TASK DETAILS
Print every line of the material below exactly as it stands, but omit the pictures.

STORED DATA
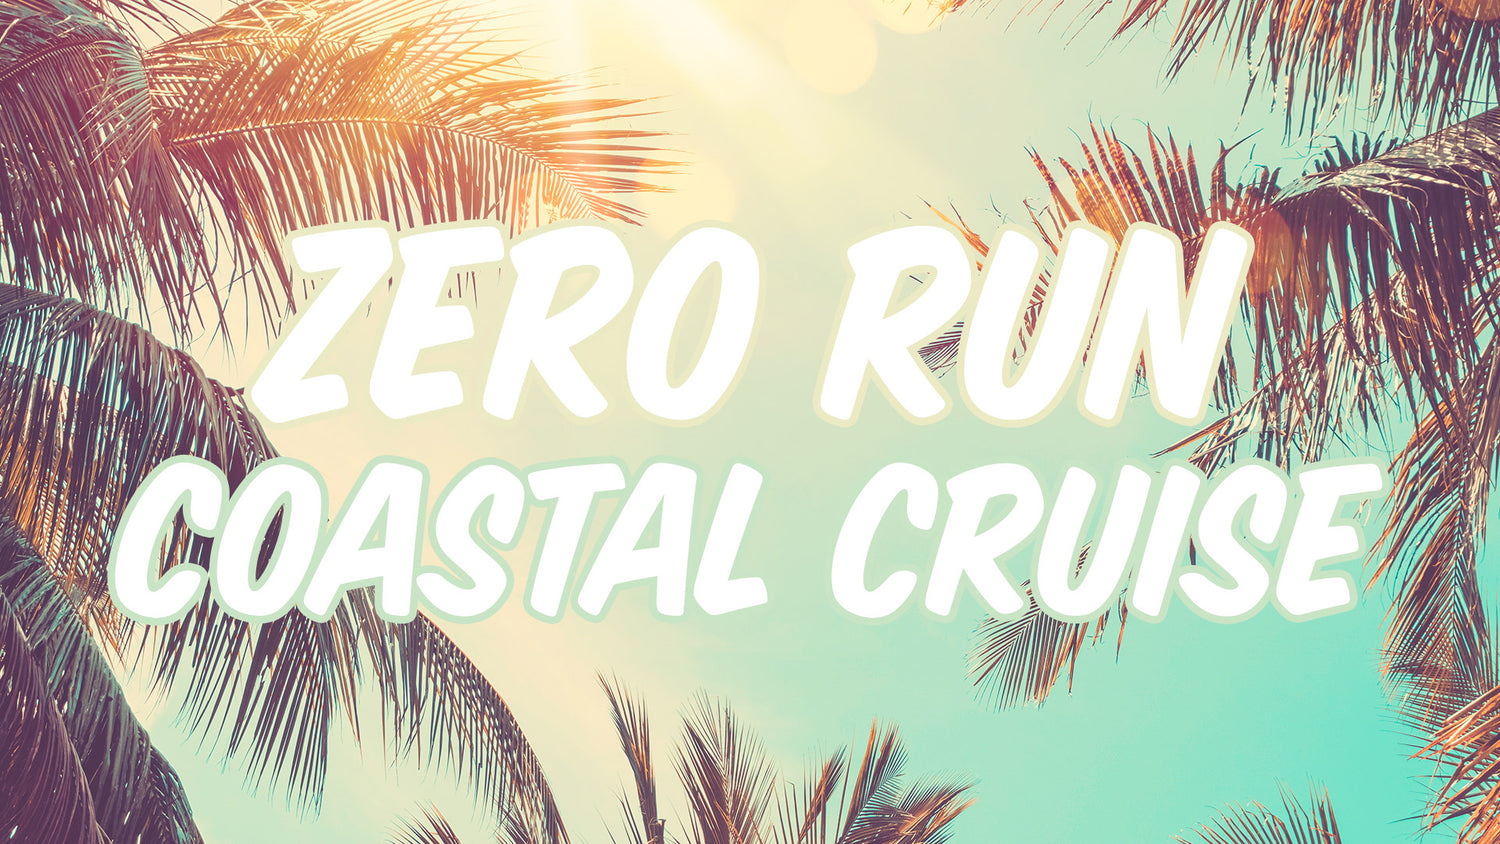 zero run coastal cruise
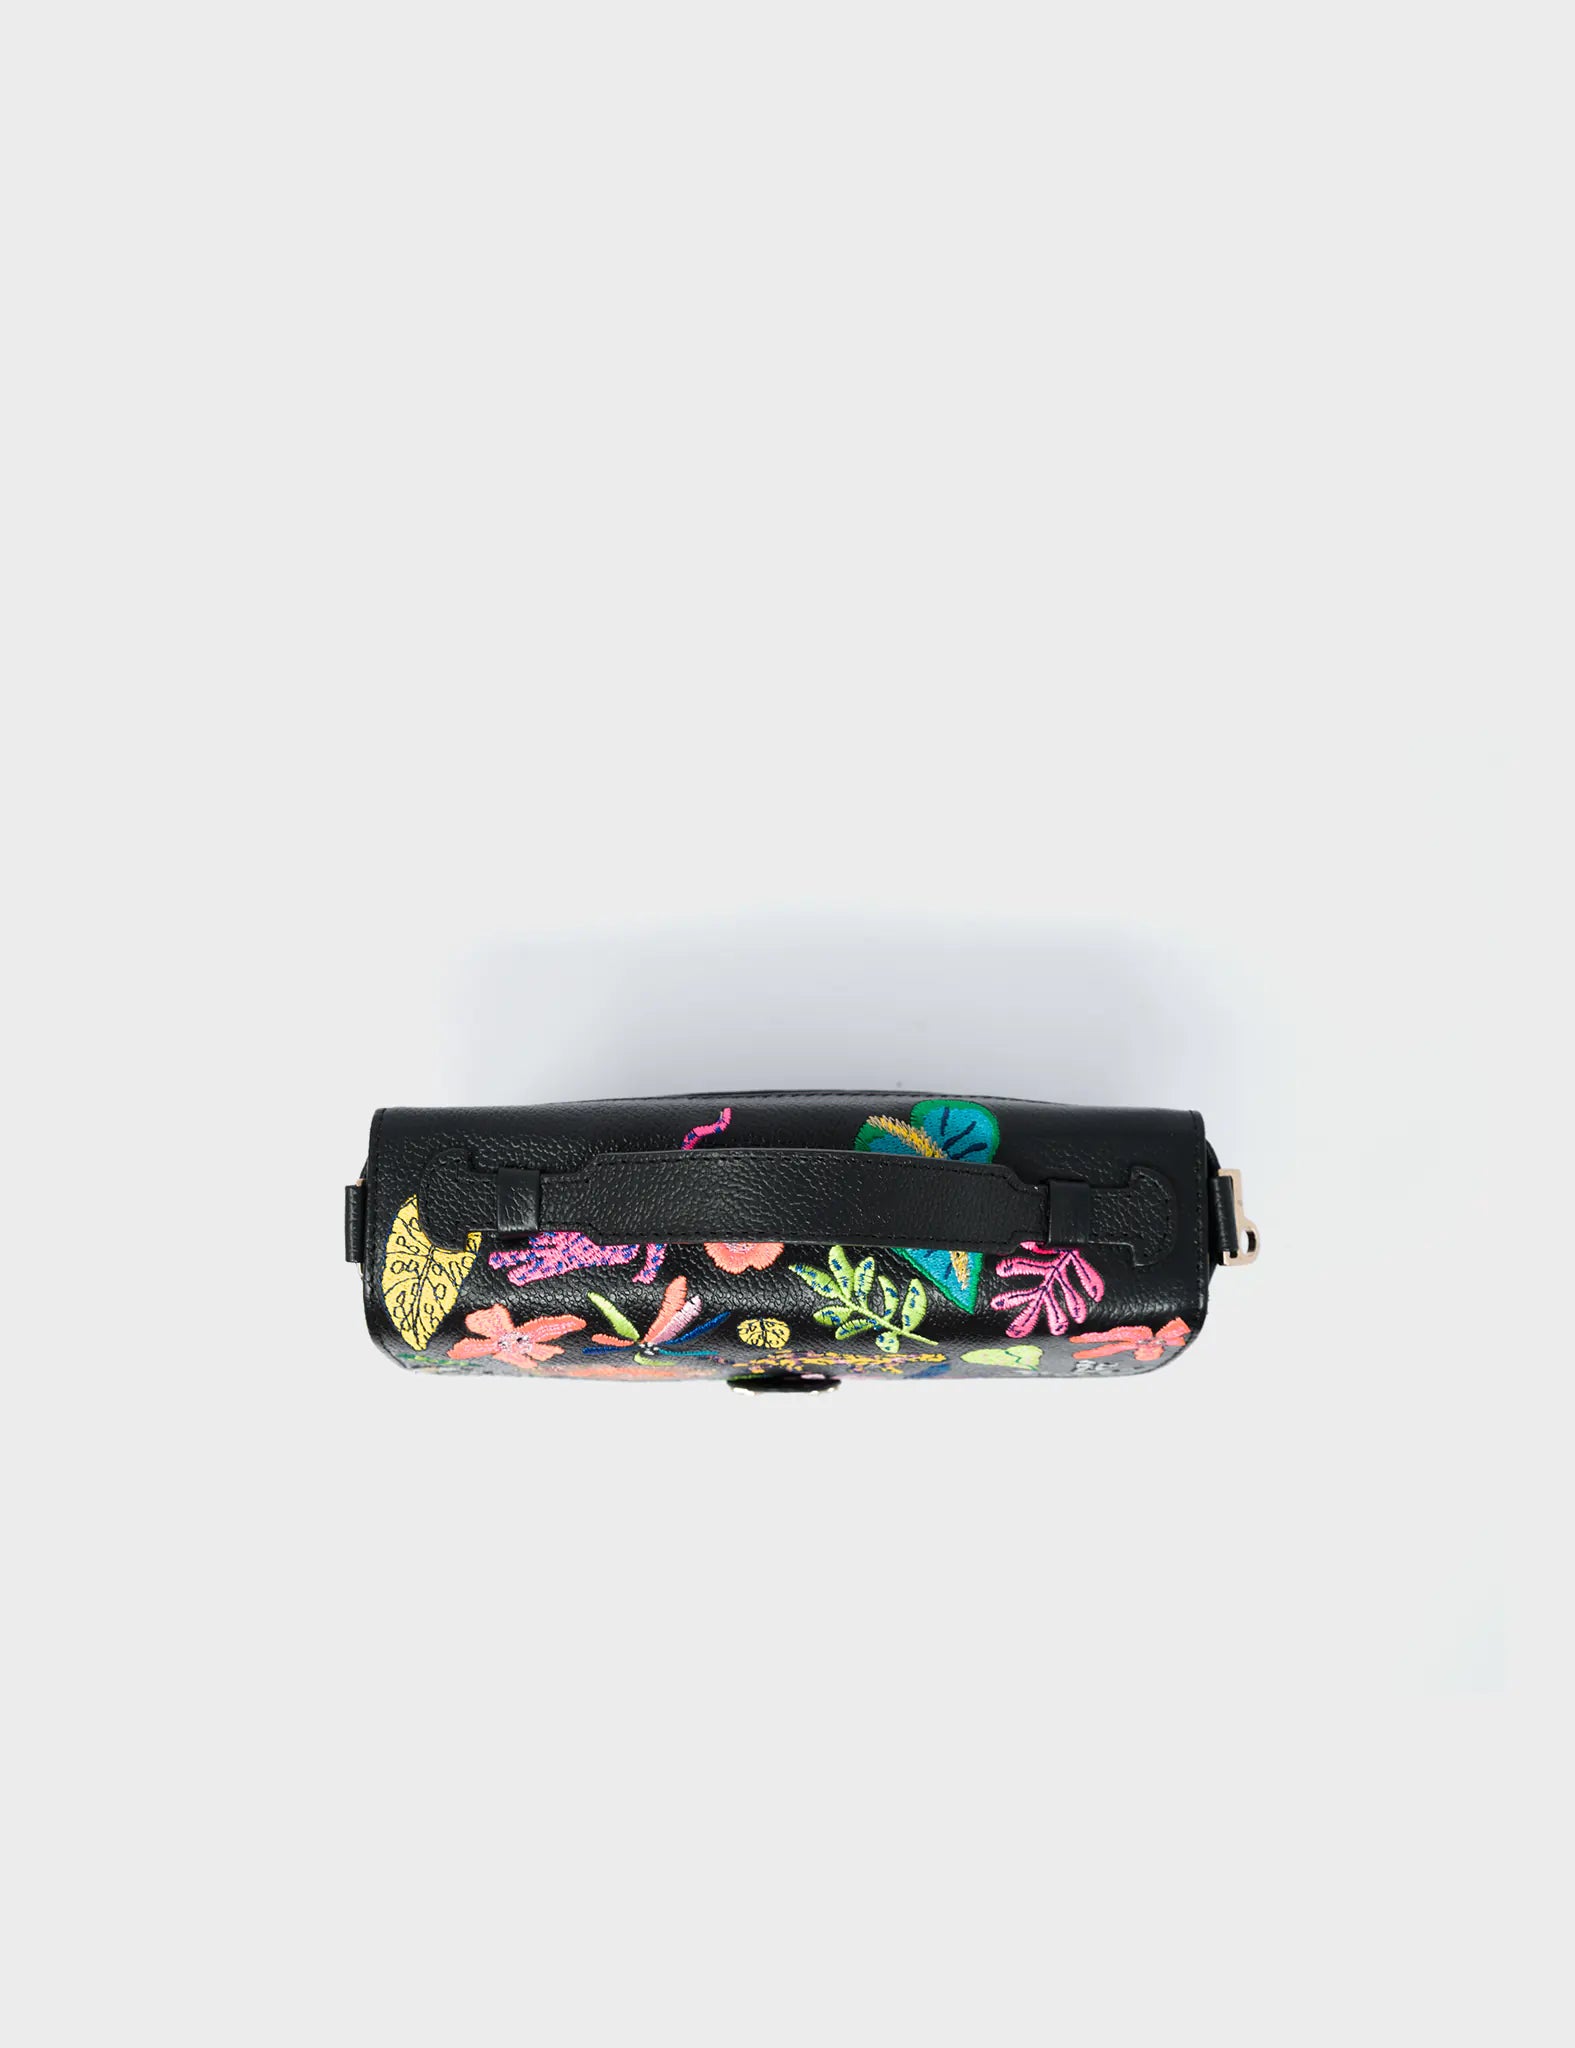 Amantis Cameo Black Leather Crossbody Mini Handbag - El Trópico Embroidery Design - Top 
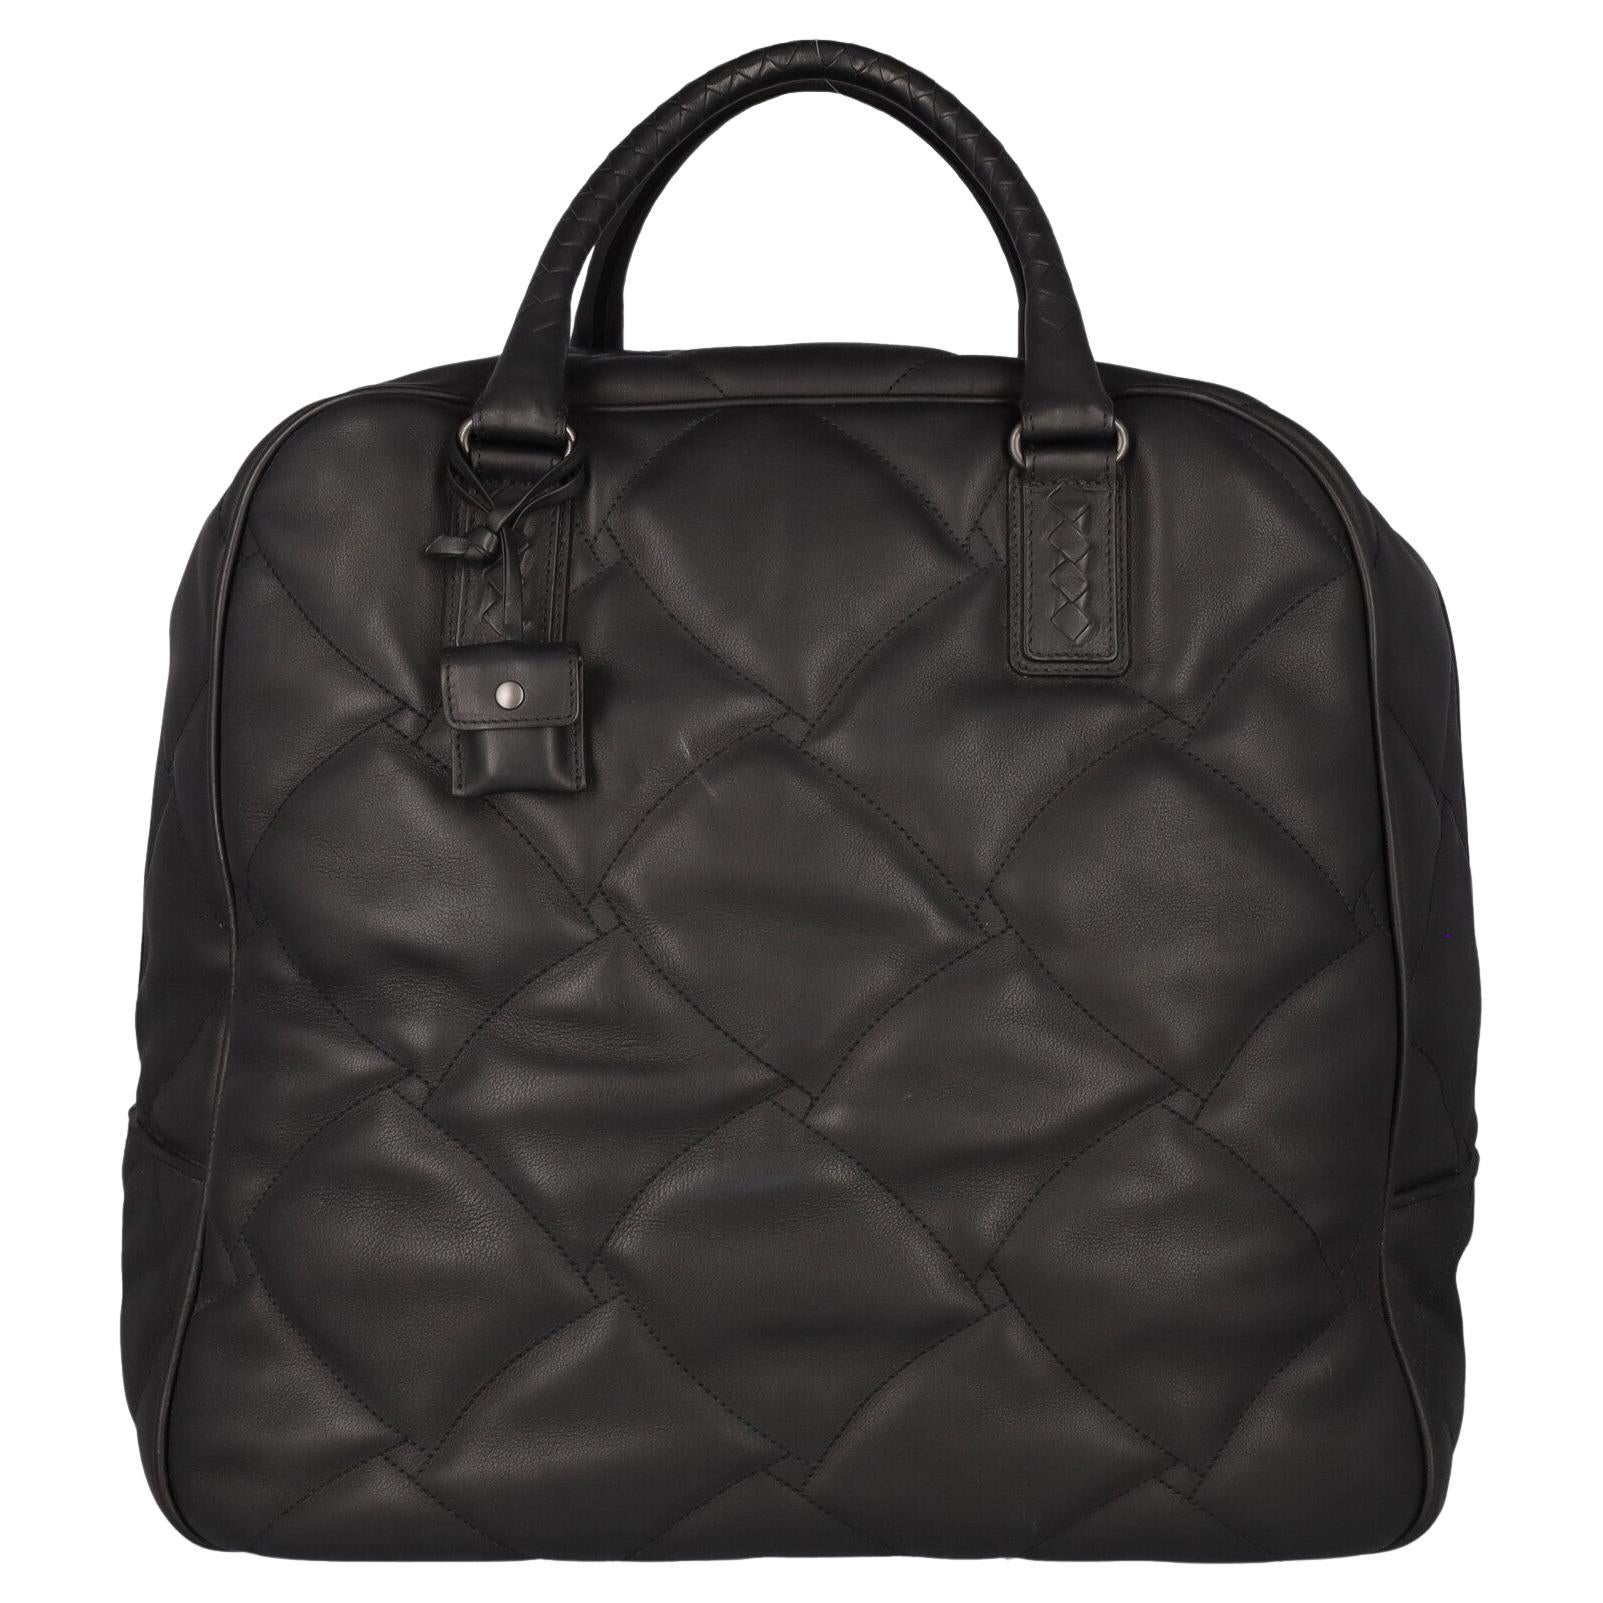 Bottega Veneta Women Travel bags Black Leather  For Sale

EXPECTED ANSWER
 zero run coastal cruise
 Amantis Cameo Black Leather Crossbody Mini Handbag - El Trópico Embroidery Design - Top 
 Bottega Veneta Women Travel bags Black Leather  For Sale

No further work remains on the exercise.